Background

I was working through the practice problems found in College Algebra Seventh Edition by Stewart, Redlin, and Watson when I stumbled upon this problem found in 1.4 Exercises, Question 68. The question is stated as:

The sum of the squares of two consecutive even integers is 1252. Find the integers.

I found this question very enjoyable as:

  1. You needed to have a concrete definition of an even integer
  2. Solve the equation from your knowledge of quadratic equations

Solving the equation

We can formally state the question as

$$ m^2 + n^2 = 1252\ \ and\ m, n \in \mathbb{Z} $$

where:

$m, n \in \mathbb{Z}$ , $m$ and $n$ are integers and

$m = n + 1$ , $m$ is the next consecutive integer after $n$

We can define an even integer as provided by Kenneth Rosen in his Discrete Mathematics books. An integer $n$ is even if for some integer $k$, $n = 2k$. We can intuitively see this by giving some examples of $k$.

When $k = { 1, 2, 3, 4, … }$ then $n = { 2, 4, 6, 8, … }$ and here we can see that for any $k$ if it is an even integer, it will be found in $n$.

How does this help us out? Well, now we can substitute values for $m$, and $n$ by the definition of an integer. We see that $m = 2k$ and $n = 2(k + 1) = 2k + 2$ where $k$ is the integer in question. Here we relate $m$ to $n$ as we know that $n$ must be the next integer in sequence after $m$.

Substituting our updated definition of $m$ and $n$ into the equation we get.

$$ m^2 + n^2 = 1252 $$ $$ (2k)^2 + (2k + 2)^2 = 1252 $$

Expanding the squares $$ 4k^2 + 4k^2 + 8k + 4 = 1252 $$

Simplifying $$ 8k^2 + 8k - 1248 = 0 $$ $$ k^2 + k - 156 = 0 $$

We can now solve the quadratic equation for $k$ using a multitude of tools, but we can use the quadratic formula for ease of computation. We see that the above simplified equation has the form $ax^2 + bx + c = 0$

Here: $a = 1,\ b = 1,\ c = -156$

Substituing into the quadratic formula:

$$ \frac{-b\pm \sqrt{b^2 - 4ac}}{2a} $$ $$ k = \frac{-1\pm \sqrt{1^2 - 4(1)(-156)}}{2(1)} $$ $$ k = \frac{-1\pm \sqrt{1 + 624}}{2} $$ $$ k = \frac{-1\pm \sqrt{625}}{2} $$ $$ k = \frac{-1\pm 25}{2} $$ $$ \therefore\ k = 12,\ k = -13 $$

We have 2 solutions for $k$, and if we plug them into $m$, and $n$ we have.

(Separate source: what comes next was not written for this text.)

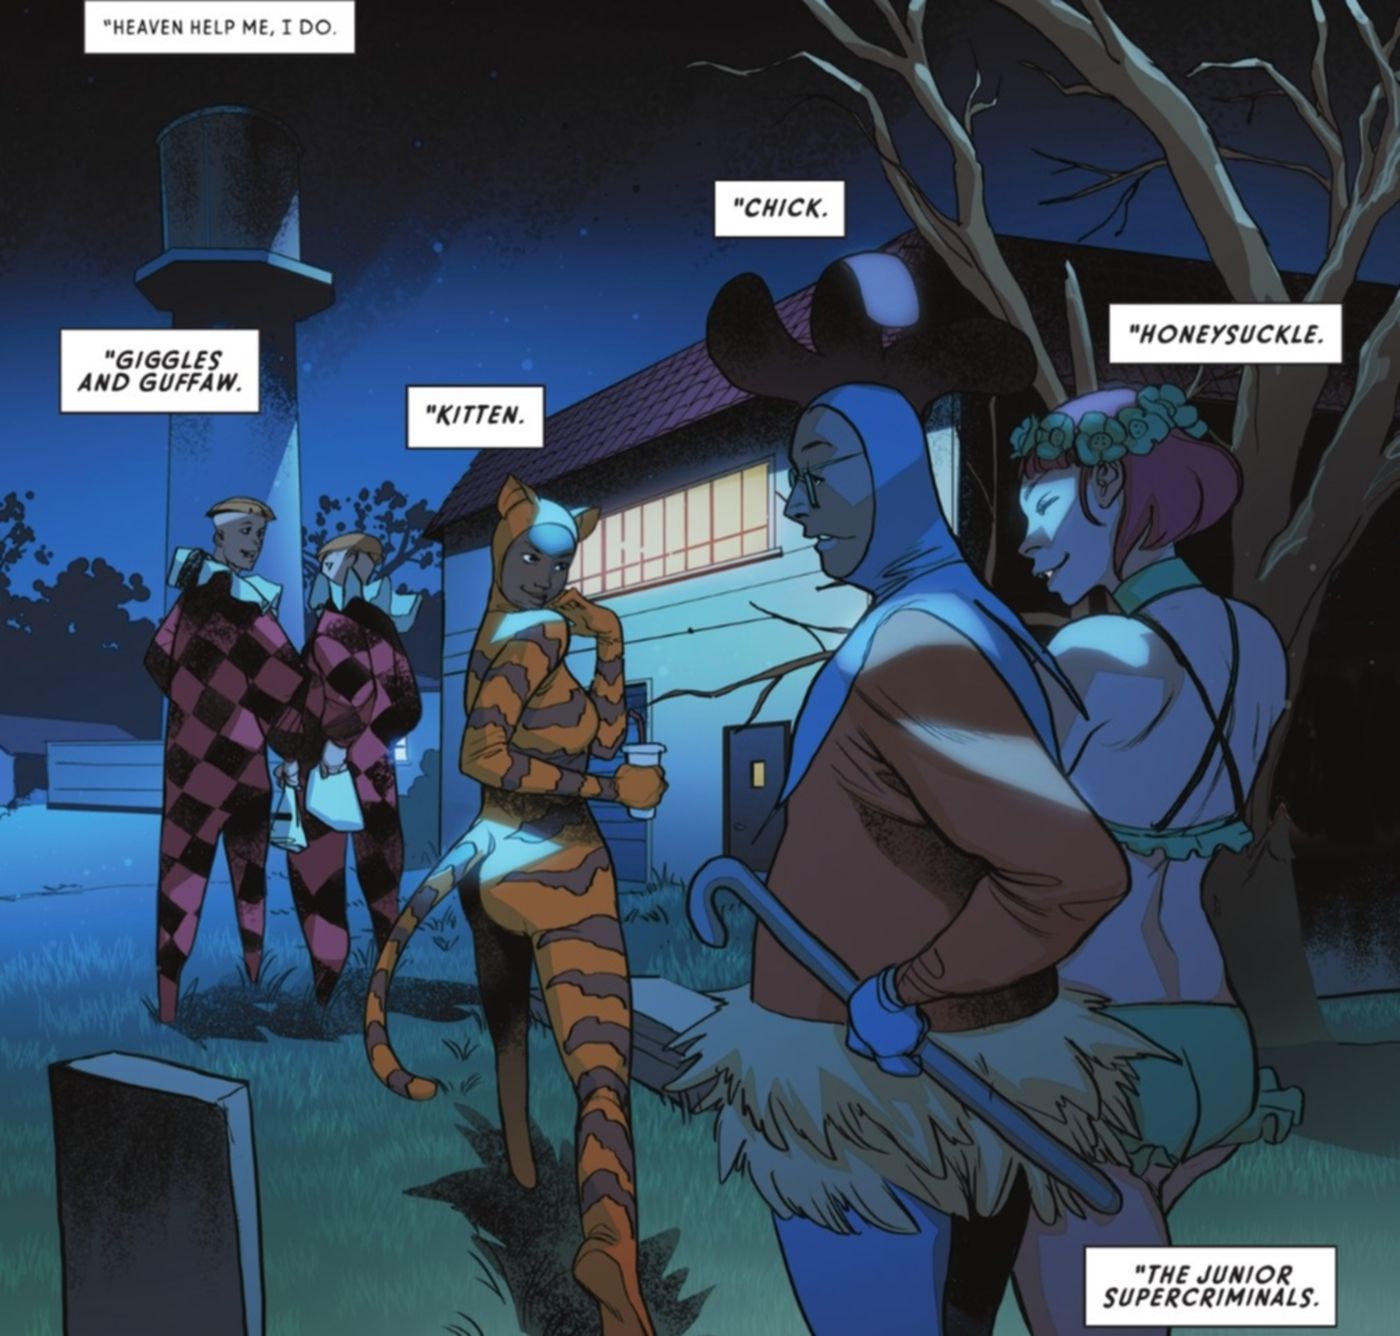 Joker, Poison Ivy, and Penguin’s Secret Sidekicks Return To DC Comics

For $k = 12$ $$ m = 2k = 2\times 12 = 24 $$ $$ n = 2k + 2 = 2\times 12 + 2 = 26 $$ $$ m^2 + n^2 = 24^2 + 26^ = 576 + 676 = 1252 $$

For $k = -13$ $$ m = 2k = 2\times -13 = -26 $$ $$ n = 2k + 2 = 2\times -13 + 2 = -24 $$ $$ m^2 + n^2 = 1252 = (-26)^2 + (-24)^2 = 676 + 575 = 1252 $$

From the above we can see that we have 2 solutions for the values of $m$ and $n$, that satisfies the sum of squares of two consecutive positive integers.

For the positive integer solution $$ m = 24,\ n = 26 $$

For the negative integer solution $$ m = -26,\ n = -24 $$

Disclaimer

None of this text has been created or proof read by any Generative AI. All of the content on this article has been manually typed by me.